[2026-01-18] Guest Mode Backend Implementation

Task Metadata

Date: 2026-01-18
Status: Complete
Related Task: 2512_genai_food_tracking-7sc
:file_document: Related ADR: ADR 006: Guest Mode Architecture

Context & Goal Approach Impact Aggregation Integrity Senior Critique

Status: UNBLOCKED

Dependency Complete: Tech Task: Implement Shared Zod Schema (View Log).

Objective

Goal: Implement the backend support for "Guest Mode" promotion.

We need a mechanism to promote local guest data (stored in IndexedDB) to the cloud (DynamoDB) when a user creates an account. This requires an atomic, idempotent batch operation that respects the "Trust the Guest" conflict resolution policy.

Trigger: Feature execution for "Guest Mode" (Phase 2 Roadmap).
Constraints:
- Idempotency: The operation must be safe to retry if the network fails.
- Atomicity: Partial failures should be minimized or handled gracefully.
- Performance: Must handle ~1 month of history (approx. 100-150 items) without timing out.

Technical Strategy

We will implement a new GraphQL Mutation importGuestHistory backed by a Node.js (TypeScript) Lambda.

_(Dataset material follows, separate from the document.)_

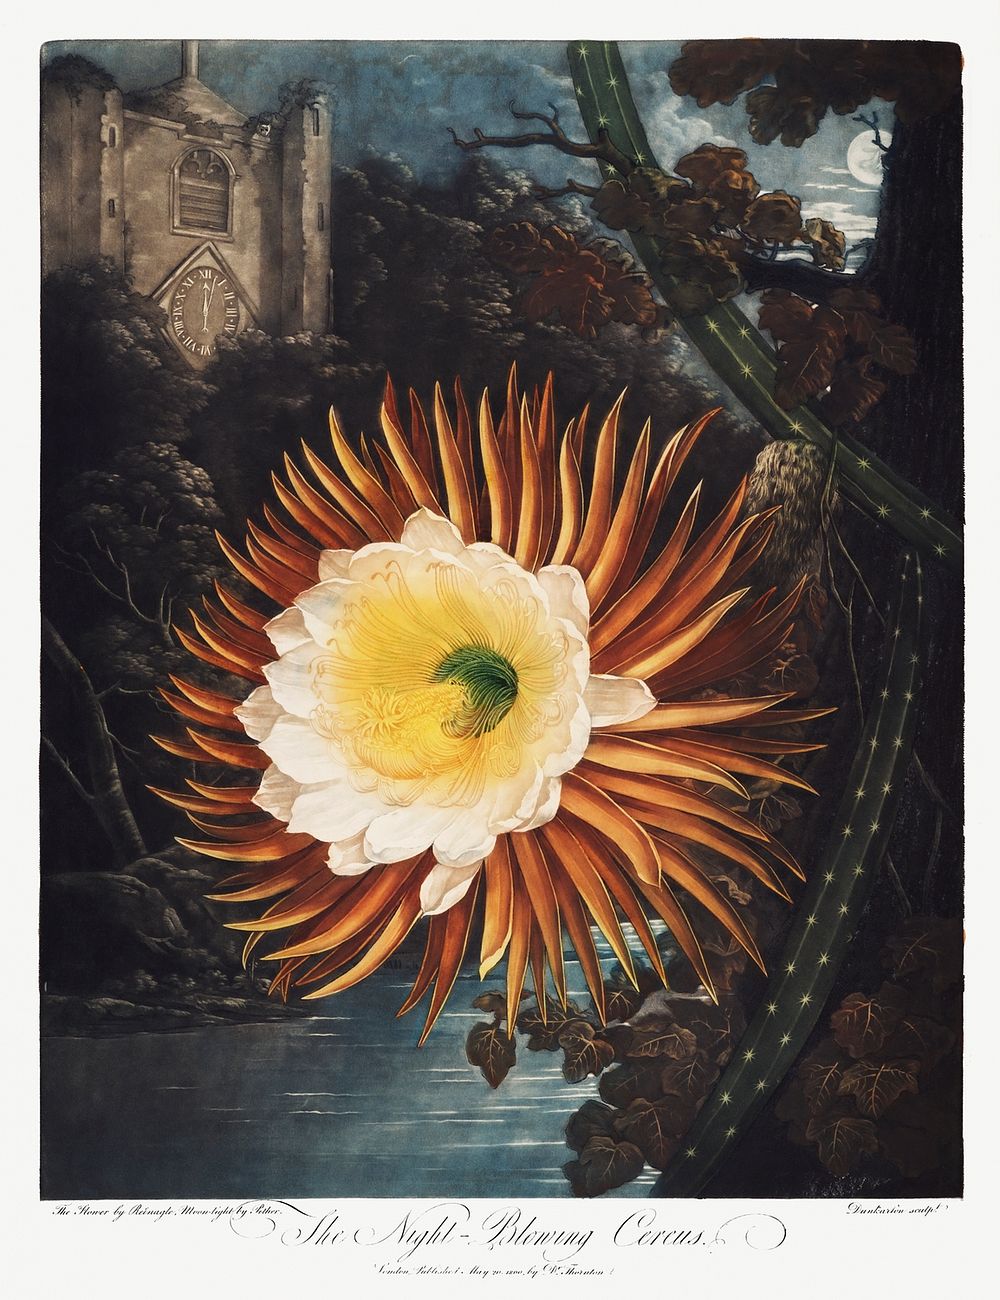 The Night&ndash;Blowing Cereus from The Temple of Flora (1807) by Robert John Thornton. Original from Biodiversity Heritage…

Why Lambda instead of AppSync JS?

Network Looping Restriction: AppSync JS resolvers are "single-shot" — they can only send a single request to a data source per resolver invocation. Since DynamoDB has hard limits (e.g., 25 items for BatchWriteItem), a bulk import of 100+ meals requires multiple sequential network calls. A Lambda is necessary to loop through these chunks.
Aggregation Logic: Accurately updating DaySummary counts requires diffing new vs. existing data (using BatchGetItem followed by conditional logic) to avoid double-counting.

Why Node.js over Python?

Shared Validation Logic: We use Zod for schema validation in the frontend. By using Node.js in the Lambda, we can share the exact same Zod schema to validate the incoming mealsJSON payload, ensuring strict parity between client and server validation rules without code duplication.

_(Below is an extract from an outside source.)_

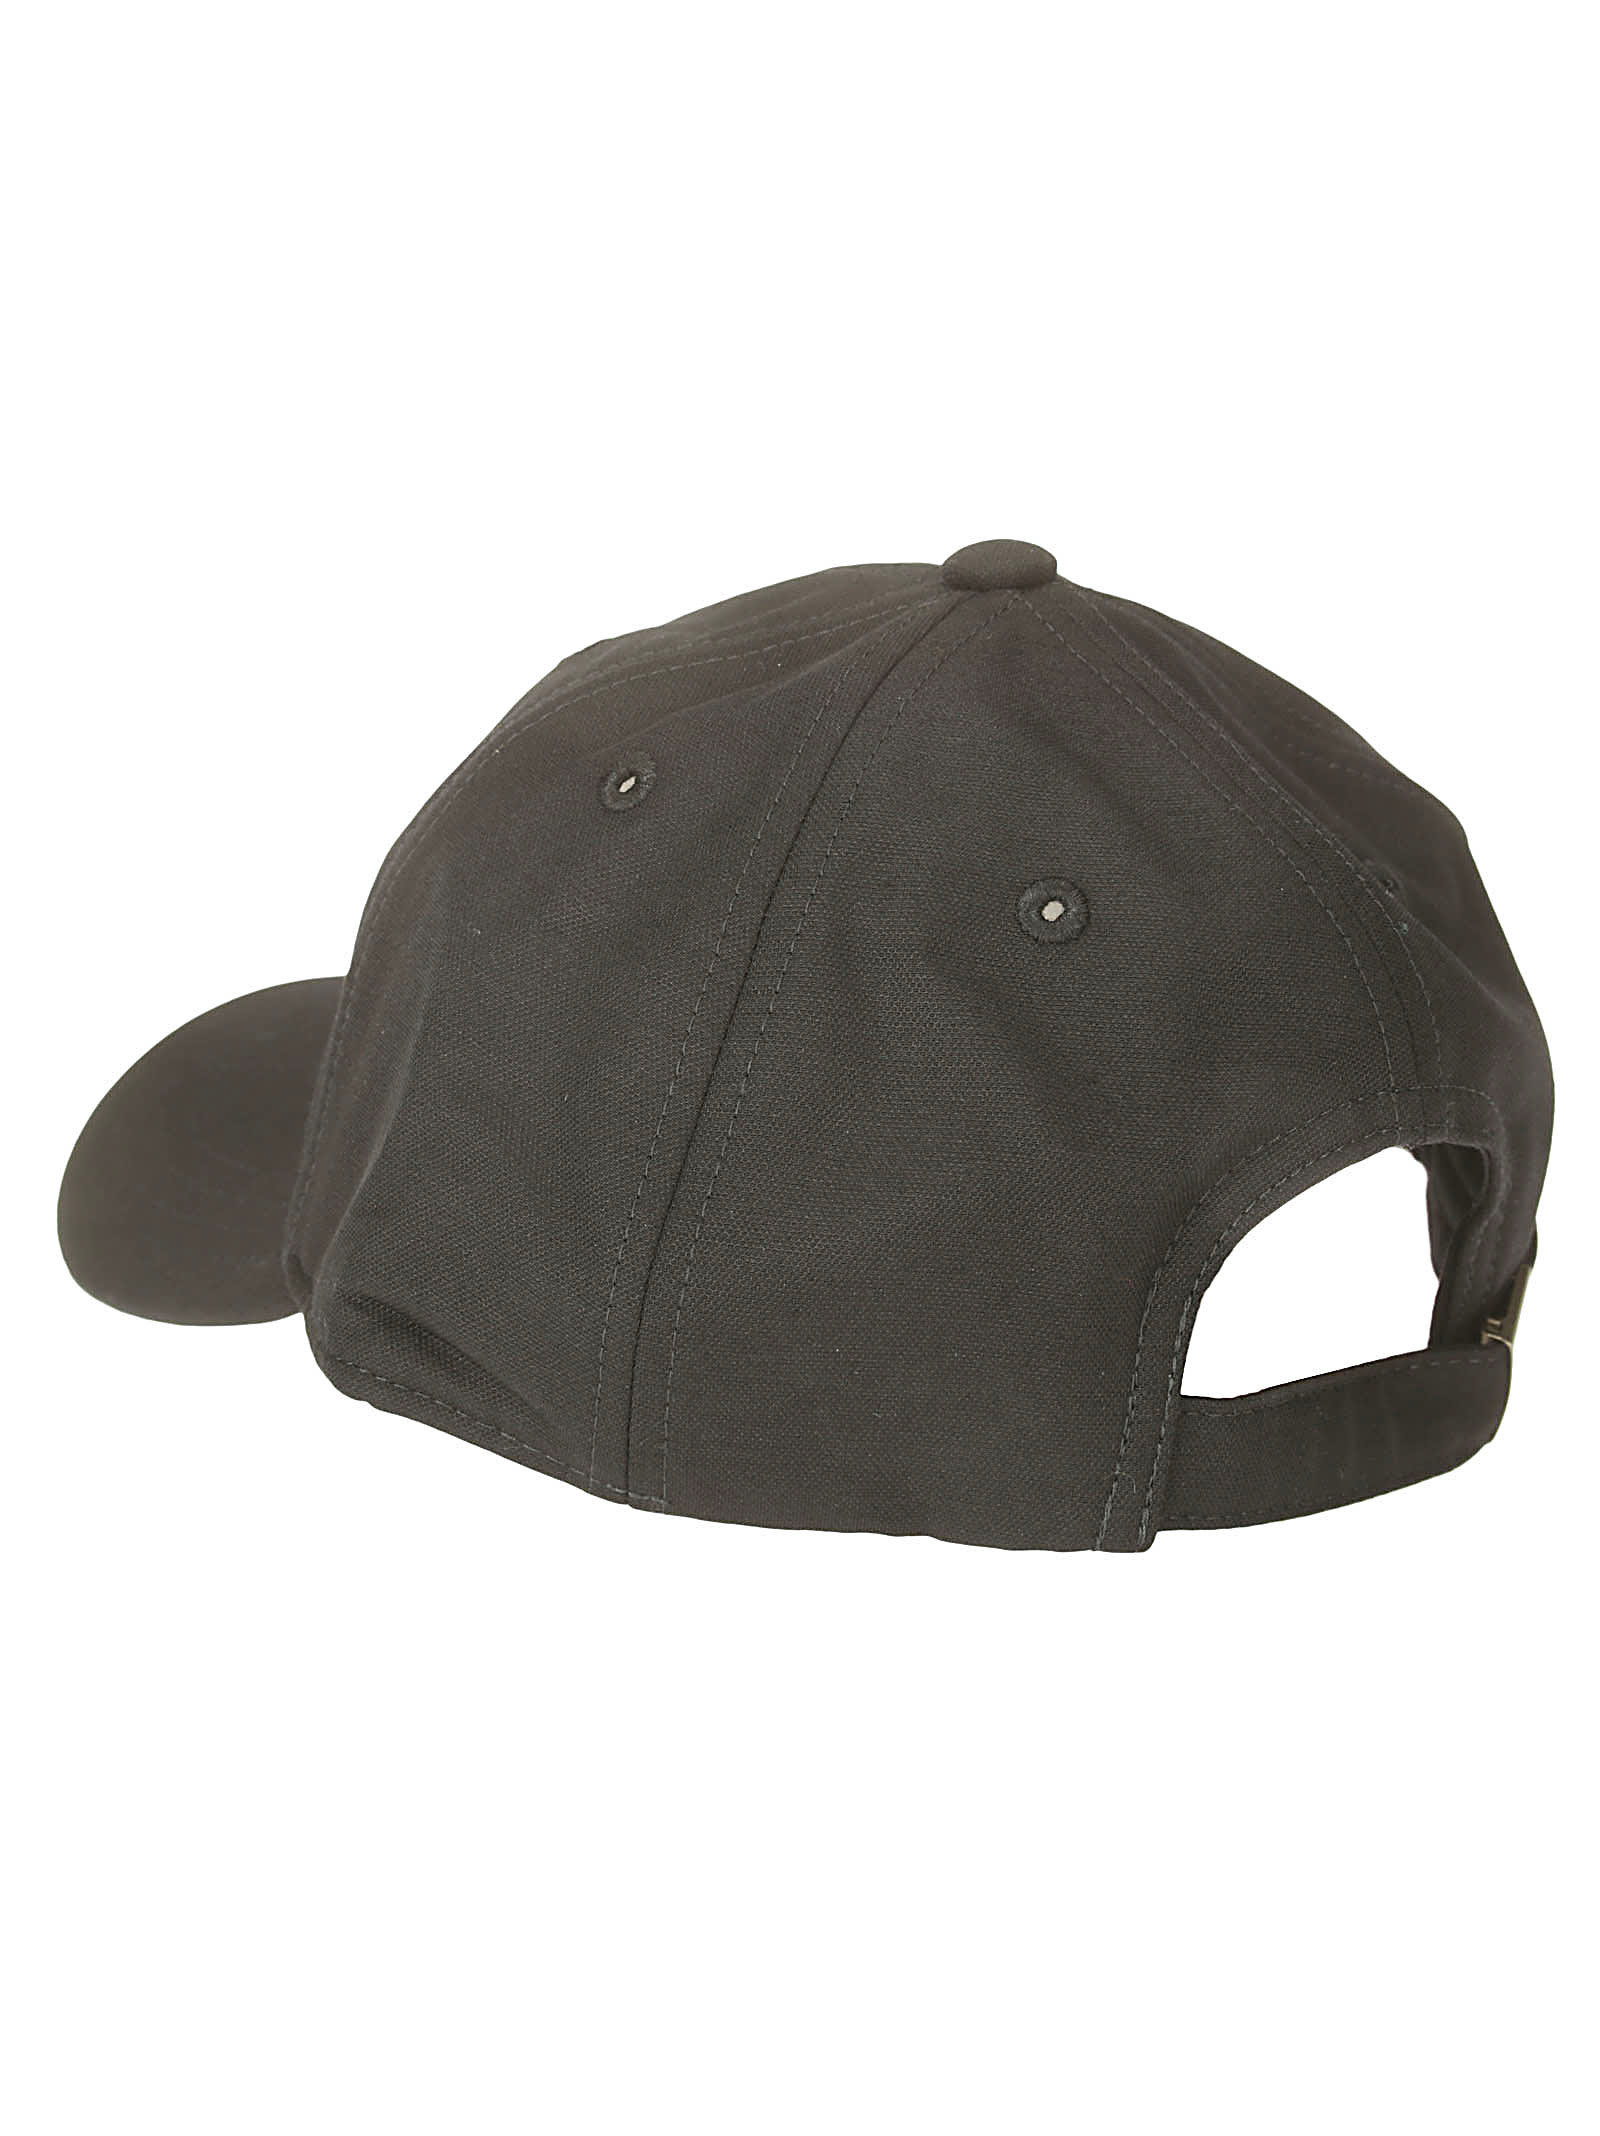 Shop Our Legacy Ballcap In Deluxe Black Exquisite

Build Strategy (JIT Vendoring):

Because SAM builds in an isolated staging environment, we cannot use relative paths to root workspaces.
We use Just-In-Time (JIT) Vendoring via Taskfile.yml to physically copy @chatkcal/shared into the function directory before building.

Testing Strategy

Unit Tests: Vitest for the Lambda logic (mocking aws-sdk).
Integration Tests: Local invocation via SAM or deployment integration tests.

Algorithm:

Parse & Validate: Accept mealsJSON string. Validate via Zod.
Idempotency Check: Use BatchGetItem to identify which meals already exist in DynamoDB.
Smart Aggregation:
- New Meal: Add full calories to DaySummary.
- Existing Meal (Conflict): Calculate delta (New - Old) and update DaySummary.
Persistence:
- BatchWriteItem for Meals (Trust Guest = Overwrite).
- TransactWriteItems for DaySummaries (Atomic increments).

Proposed Schema:

type Mutation {
  # JSON string avoids complex input types for batching
  importGuestHistory(mealsJSON: String!, settingsJSON: String): ImportResult
}

type ImportResult {
  success: Boolean!
  processedMeals: Int!
  message: String
}

Risk Analysis

Double Counting: If the diff logic is flawed, we might corrupt the user's daily totals.
Mitigation: The logic prioritizes "Read-Compute-Write" over blind increments.
Drift Risk: Minimized because "Edit Meal" is not yet supported.

Files to Modify:
- graphql/schema.graphql (New mutation)
- functions/import_guest_history/app.ts (New Lambda)
- template.yaml (Infrastructure)
- Taskfile.yml (Add JIT Vendoring command)

Does Overwriting Meals Corrupt DaySummaries?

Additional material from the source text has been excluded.